Угарову хотелось, чтобы Саша оказался прав. Но он был уверен в том, что опять прав будет Забазлаев. Может быть, Саша слишком осторожен. Но лихачество еще хуже. У Павлика его хоть отбавляй.
Угаров спустился в шахту. Забой Басюка был в вентиляционном штреке, у самой границы шахтного поля.
Стах шагал по деревянным мосткам, уложенным вдоль рельсов электровоза. В резиновых сапогах, в брезентовой куртке, с самоспасателем в металлической коробке, похожей на солдатский котелок, и со светильником, перекинутым через плечо, он шагал размеренно, как ходят под Землей. Шел, и свет, направленный его рукой, тянулся в темноту, опережая его, прыгал по стенам солнечным зайчиком, проникшим на глубину в восемьдесят метров; выхватывал из темноты то деревянную стойку, то знак маркшейдерского пикета, то высоко подвешенный, идущий по стойкам кабель.
И снова вокруг смыкался мрак. Знакомый запах, похожий на тот, какой бывает в старых погребах,— запах сырости, угольной пыли и тлена щекотал ноздри. Была тишина, и слышно было, как потрескивают стойки под тяжестью породы.
На обычных шахтах под землей толчется много народу, а здесь, на гидрошахте, в смену уходит под землю всего пятьдесят человек. Пятьдесят человек на все под этажи, печи, штреки, на восток и запад. Остальное за человека делает здесь вода. Она смывает уголь, и поднимает его на поверхность из глубины, и мчит по пульповоду на фабрику.
Когда-нибудь человек выберется из-под земли совсем, думал Стах. Весь подземный труд будет механизирован. Но на наш век еще хватит. Когда-нибудь машины будут делать это лучше и точнее. Они не будут ошибаться и не будут спорить между собой.

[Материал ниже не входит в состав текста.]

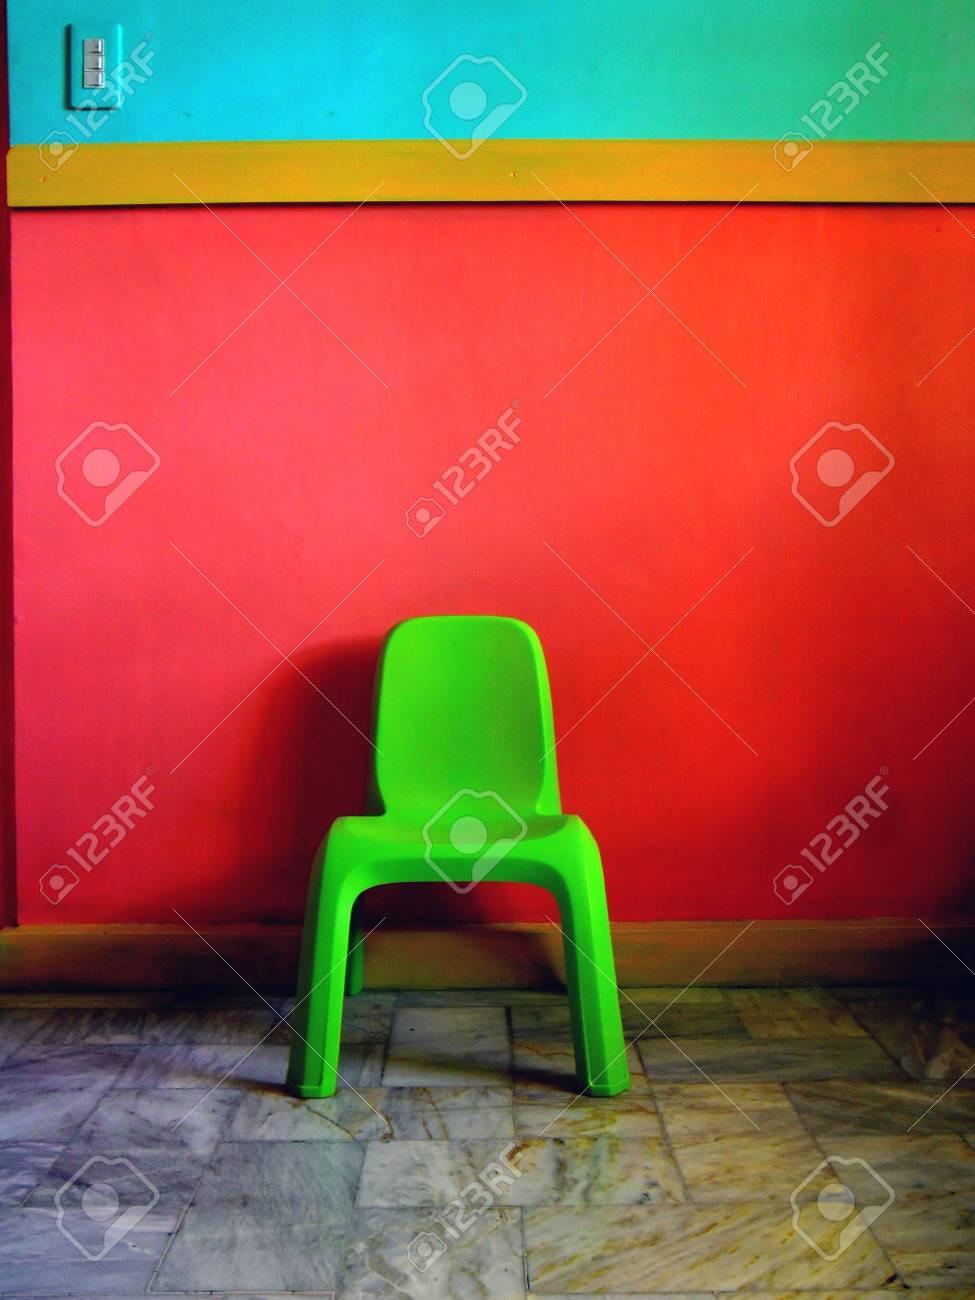 Grune Stuhl Orange Und Blau Wand Aus Einem Wohnzimmer Lizenzfreie

Вчера давали аванс, и Павлик затащил его к себе. Посидели по-холостяцки, распили бутылку горилки с перцем. Закуска — колбаса, огурцы — была разложена на газете, и все это живо напомнило студенческие годы, общежитие, стихийные кутежи в день стипендии.
Павлик сиял с гвоздя гитару, и они спели не очень в лад свою, студенческую. Оборвав на половине припев, Павлик спросил:
— Что такое Бородин? Не раскушу я его. Он как мяч. Хочешь укусить, а он откатывается...
Стах сказал:
— Есть люди простые, и есть сложные. Бородин сложный человек. О нем в двух словах не скажешь.
— А я сложный? — спросил Павлик.
— Ты? — Стах рассмеялся.— Ты простой...
— Да, я простой,— согласился Павлик.— Зато вы все здесь чересчур сложные. И ваш Бородин сложней вас всех. Погоди, Серега еще себя покажет. Я знал, что он далеко пойдет. Еще в институте. На первом курсе в комитет комсомола выбрали. Потом курсовой секретарь. Член бюро... Номенклатурная личность. И ему нравилось, помню. Все эти заседания, бюро, проработки... Помню, как он меня прорабатывал за неуплату членских взносов. Вызвали на бюро. Прихожу. Он сидит и смотрит. Я было хотел: «Серега, друг». А он смотрит и молчит. Как будто он не он и я не я. А потом на преддипломной практике были. Подружились. Мечтали работать вместе. И вот сбылось. Ходит Серега в моих начальниках...
Павлик захмелел и болтал лишнее, о чем, наверно, пожалел на другой день.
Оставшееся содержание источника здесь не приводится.